Todd Moyer is the executive vice president of global business development at Confluence.

What were the major themes of your business in 2015? 

The key theme we saw in 2015 was a focus on defragmenting back-office data and technology. Over the past several of years, there has been a number of regulatory mandates that have required managers to collect and report more information about their business.  The flux of new, single-function technology to respond to these mandates has led to a fragmentation of the back office which increases operational complexity and risk.  It also diminishes the value that each solution provider delivers.

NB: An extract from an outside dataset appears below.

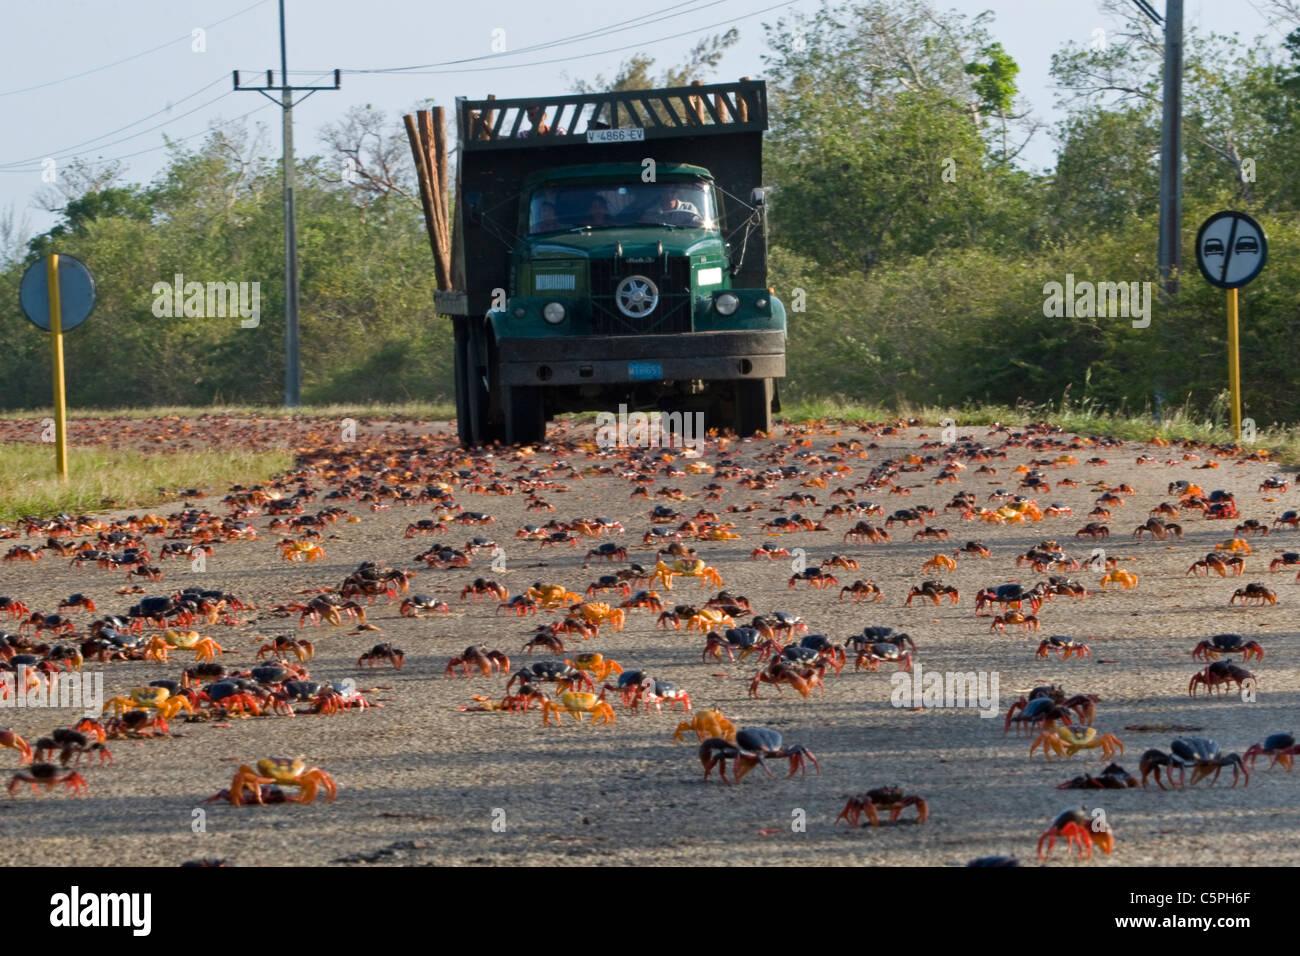 Black Land crabs, Gecarcinus ruricola, migration on the road Playa Girn, Bay of Pigs, Cuba - Stock Image

Over the course of the year, we saw asset managers and third-party administrators seek out solutions to help them begin integrating their data and technology. This push to defragment the back office is driving much of the thinking behind how we develop new offerings for the market. We expect this trend will continue in 2016.

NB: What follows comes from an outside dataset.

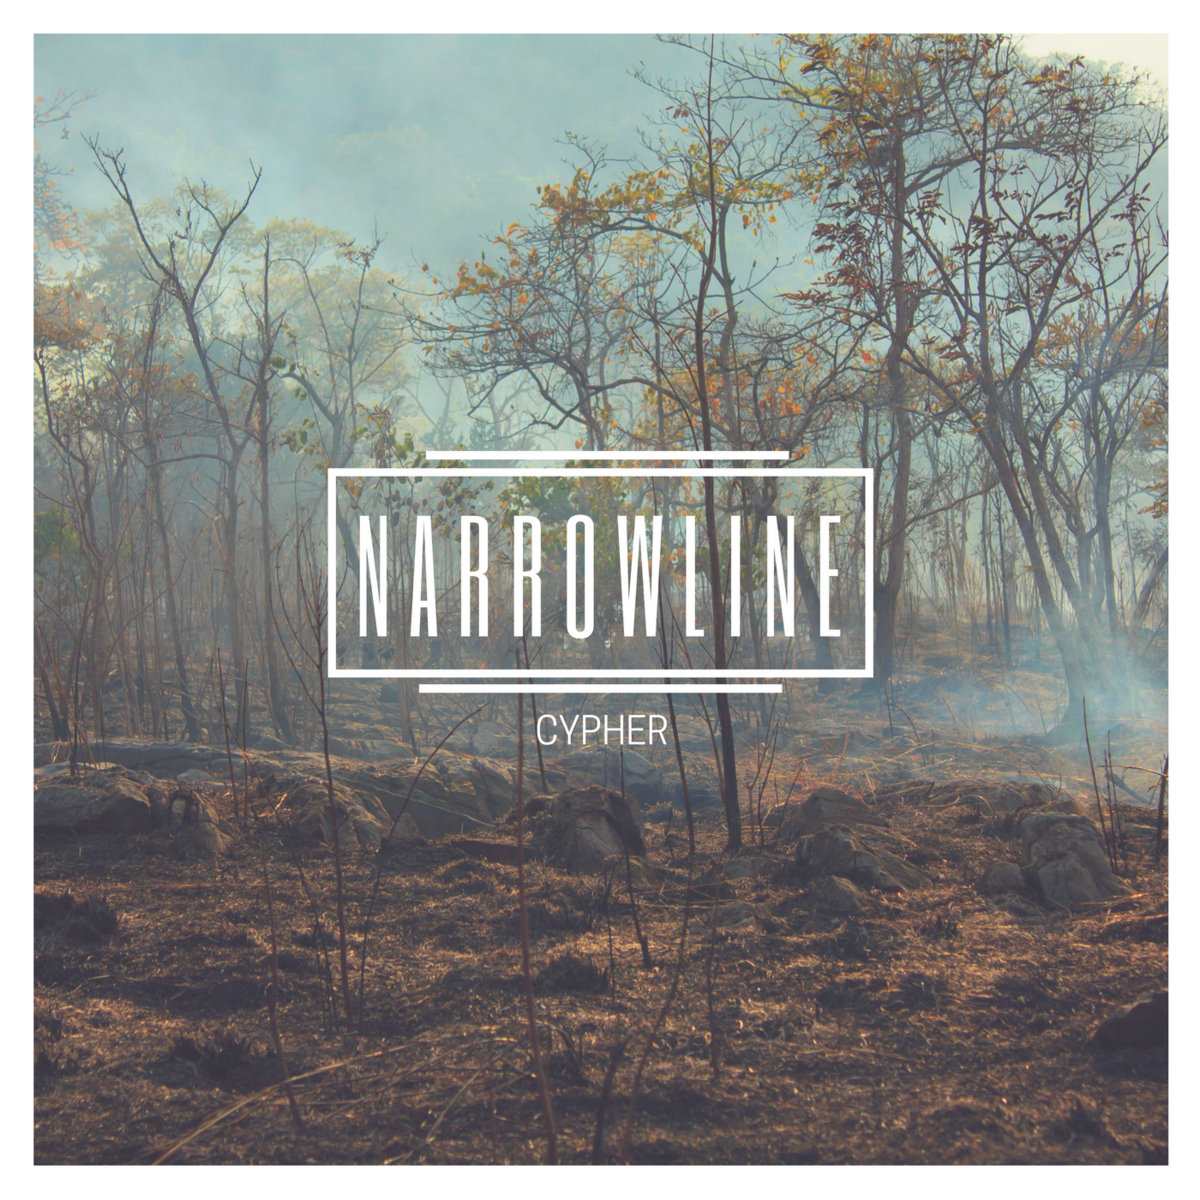 Narrowline - Cypher (2016)

Todd Moyer, Confluence Todd Moyer,
Confluence

What are your expectations for 2016?

Asset managers are still feeling pressure from regulators, but they are also feeling increased pressure from institutional investors, who are taking a more significant role in the push to standardize back-office reporting processes in the asset management industry. Pressure from investors to improve data management and reporting capabilities becomes a business opportunity, so we predict that data management reform in the asset management industry will top C-level agendas in 2016. Our view is that  the industry is on the verge of a data management revolution, and we are excited to be in a position to help drive this revolution.

One example of how institutional pressure is impacting the industry is in private equity, where there's been growing concern over risks associated with self-administered funds. One of the biggest catalysts for this concern was the Madoff scandal in 2008. Given the long investment lock-up periods in private equity, it is now becoming  a key issue that can impact whether an institution will invest in a private equity fund. We think there will be a number of private equity firms that outsource their back office to an administrator in 2016. Our view is that this is a great opportunity for third-party service providers to expand their support capabilities and play the same role they do in other asset classes.

Finally, we think regulatory fatigue will continue in 2016 as the asset management industry prepares for the next round of mandates. That is likely a trend that will continue for the next several years, as we adjust to a regulatory environment that is focused on better managing systemic and liquidity risk.